While it can be an appropriate word, it seems too much like Exorcise, which is definitely not what I was going for. I was raised on conservative and fundamentalist values. Although my own ideas and opinions have evolved, I still have family and friends that I care about deeply that abide by that way of life. This blog originated as a place where I could rant and rave without offending. I have decided instead to tell the stories of those snapshots in my head. I will be truthful but I will not rant much, and I will try at least not to offend most. I have decided to keep the title “Self-Censored” A blog about me –verbal snapshots of a simple life.

Learning the Fundamentals

Assignment 1

As I was growing older and wiser, I would tell myself – “when you retire, you can devote time to writing”. I did retire, but one thing led to another, and I put writing on the high shelf in the storage closet for a bit longer. I enjoy writing, and I’ve started blogging at least 3 times before. I took the Blogging 101 course a couple of times, but after it was finished, I had a hard time staying committed. I like working in community, so I’m back to fundamentals, brushing up my skills in order to start a writing challenge.
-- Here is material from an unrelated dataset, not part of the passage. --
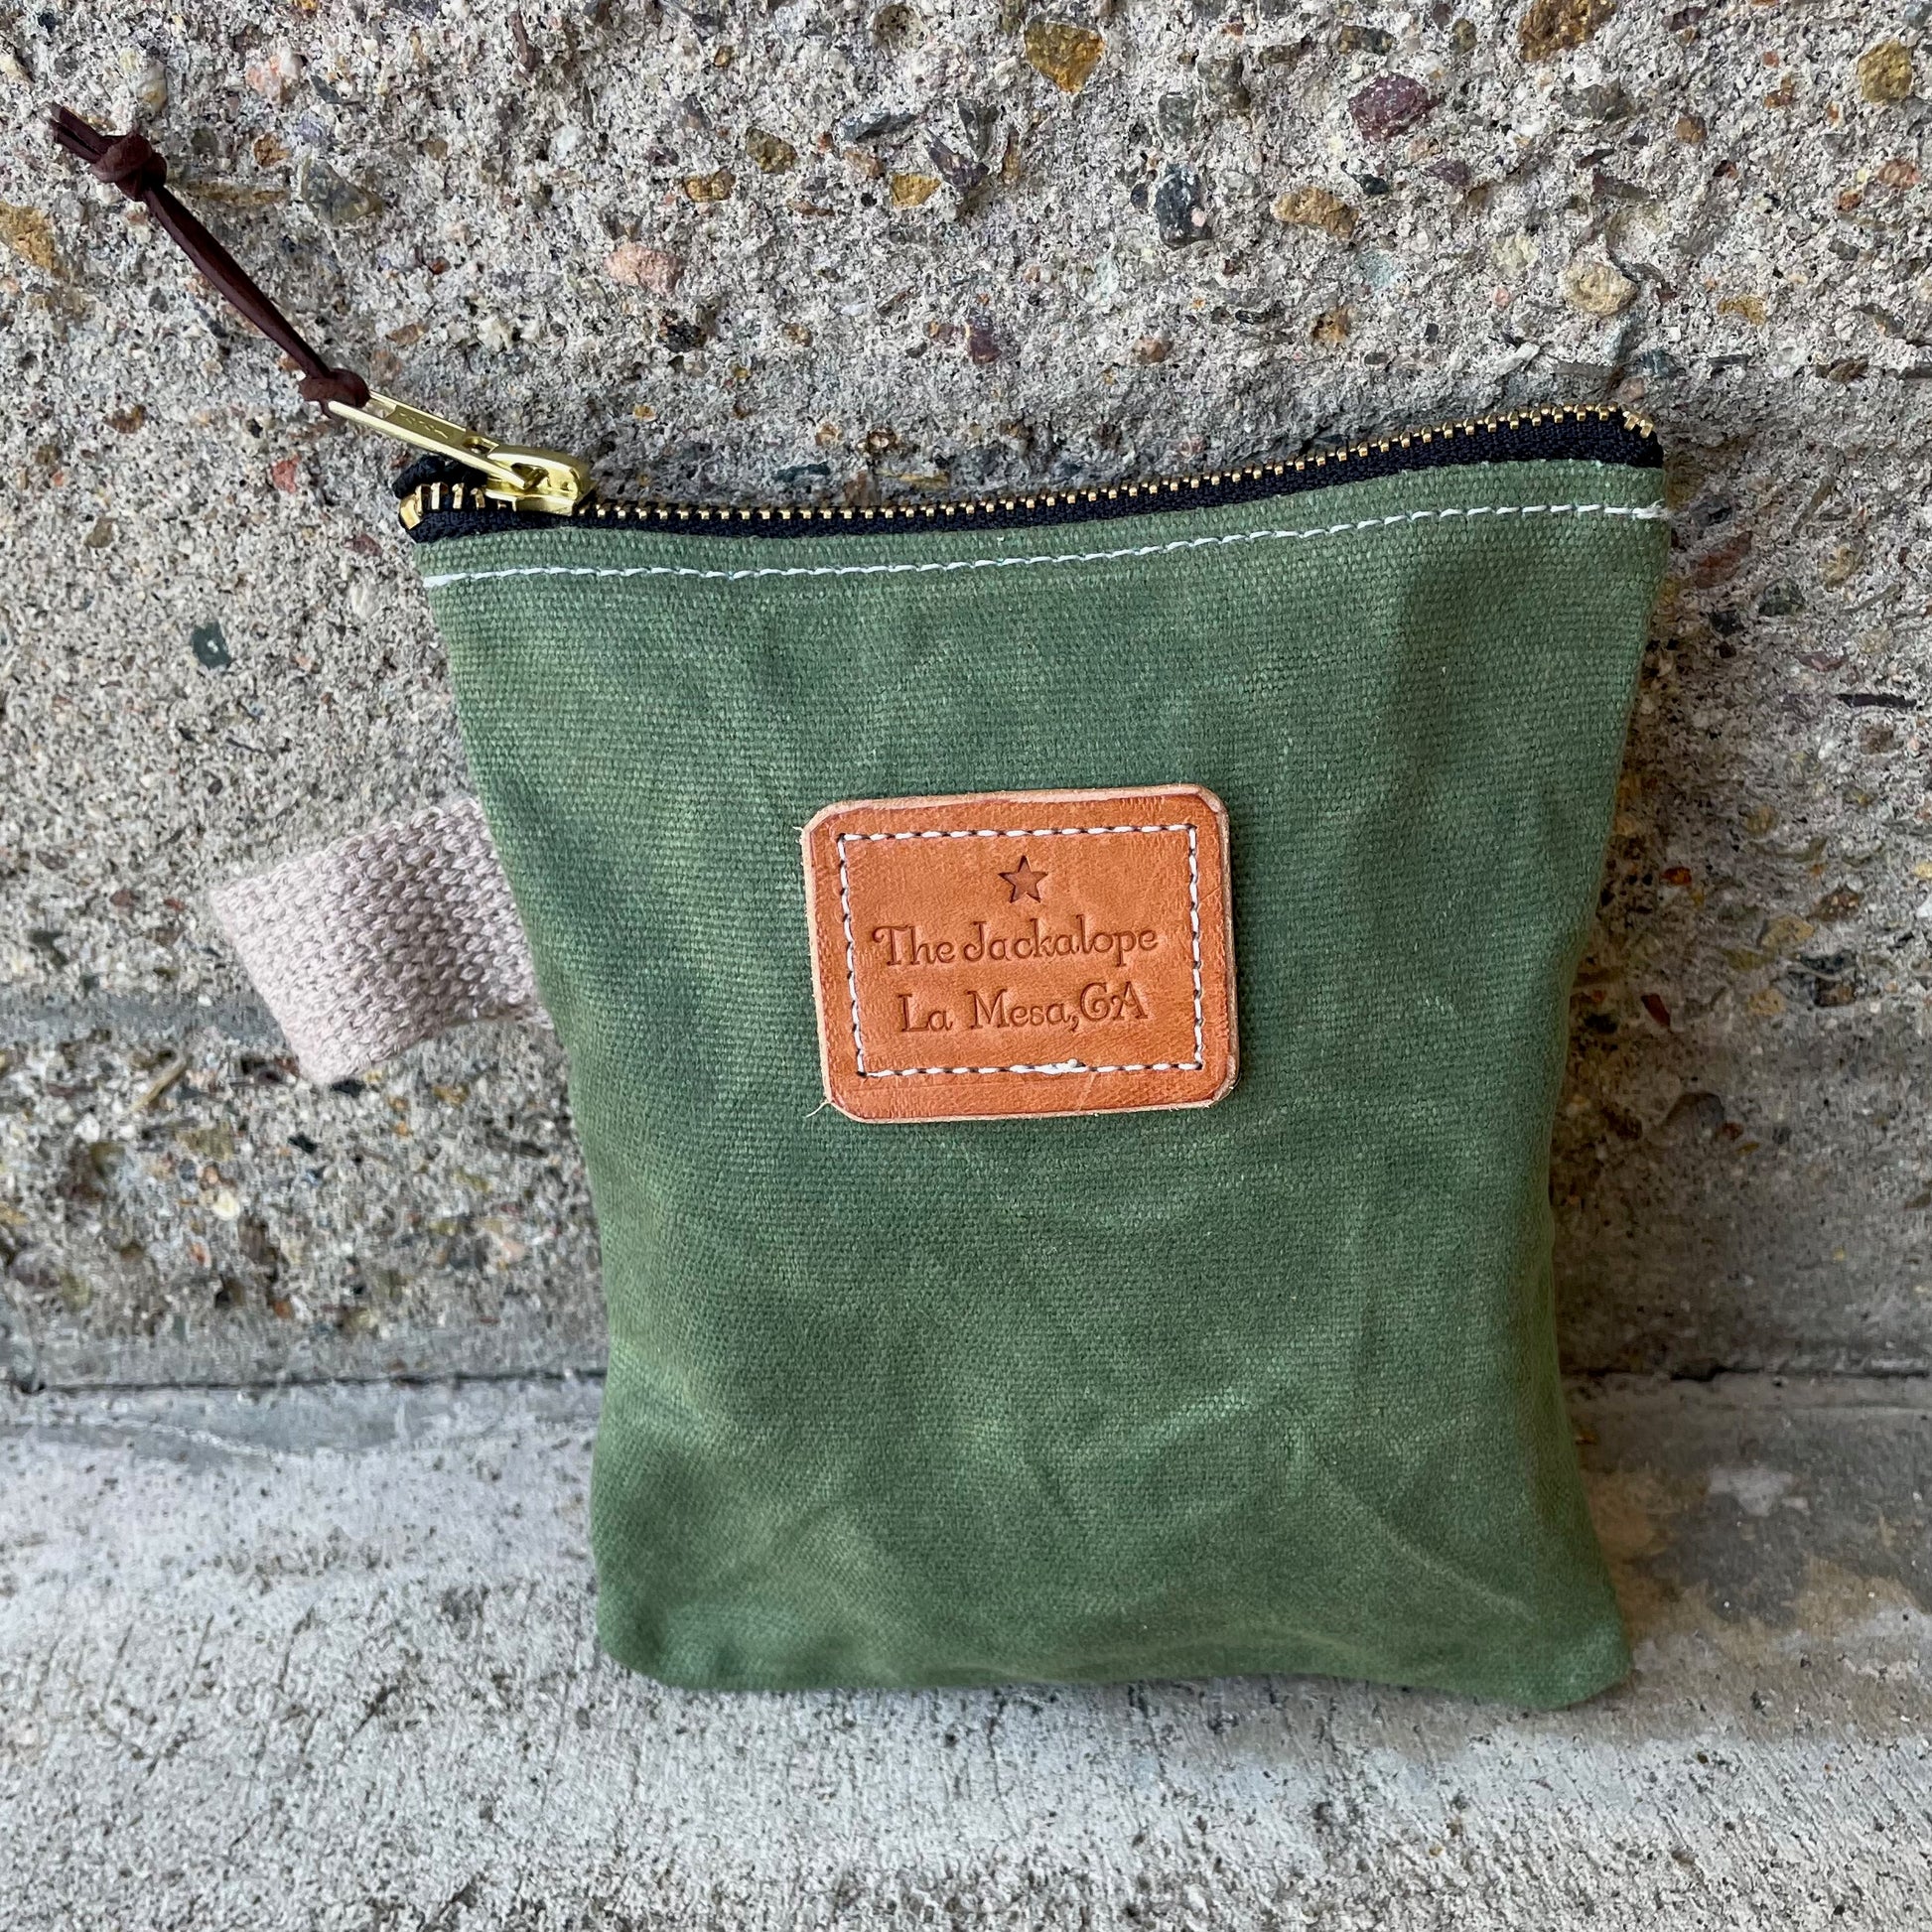 Small Ditty Bag made of waxed canvas with a zipper and a small handle.

In trying to zero in on my purpose for the blog, I went back to look at unfinished projects on my computer. I think I will stick with the subject about me. My blog is “Self-Censored.” I’m not sure the play on words comes across – maybe I need to work on that. I hope blogging will get my juices flowing. I had been thinking of self-publishing a book about the “snapshots” of the life that I’ve lived with family and friends. When I look back at a snapshot in my mind, I try to envision how we each experienced that moment in time.

Old photos of my mom show a beautiful woman with style and poise, flawless skin- regardless of age and sparkling greens eyes. She always held her head high, defiant and fearless-usually looking straight at the camera. Outside of that frame, we knew she suffered a disabling neuromuscular disease, legal blindness and finally was taken from us by cancer at age 54. In spite of all her physical problems, her spirit WAS like the image in the pictures – beautiful and strong. People came to her for help and advice and she gave them whatever she had.

I believe this is s a universal experience. I am different things to different people. Each person has a version of the ME that they are comfortable with, a behavior or reaction they expect of me, but my Core is one. We all play different roles in a variety of situations, but we are always the star or protagonist in our own movie. We are mothers or fathers, children, lovers, bosses and underlings, angels or demons but no one knows what is truly in our hearts, what really motivates us- except ourselves.

I plan to share these verbal snapshots as I’m calling them and explore the characters in each scene. All stories will be based on real life but some will be edited, colored and “photo-shopped” with my imagination.

I hope you join me on my journey. I appreciate your feedback and assistance.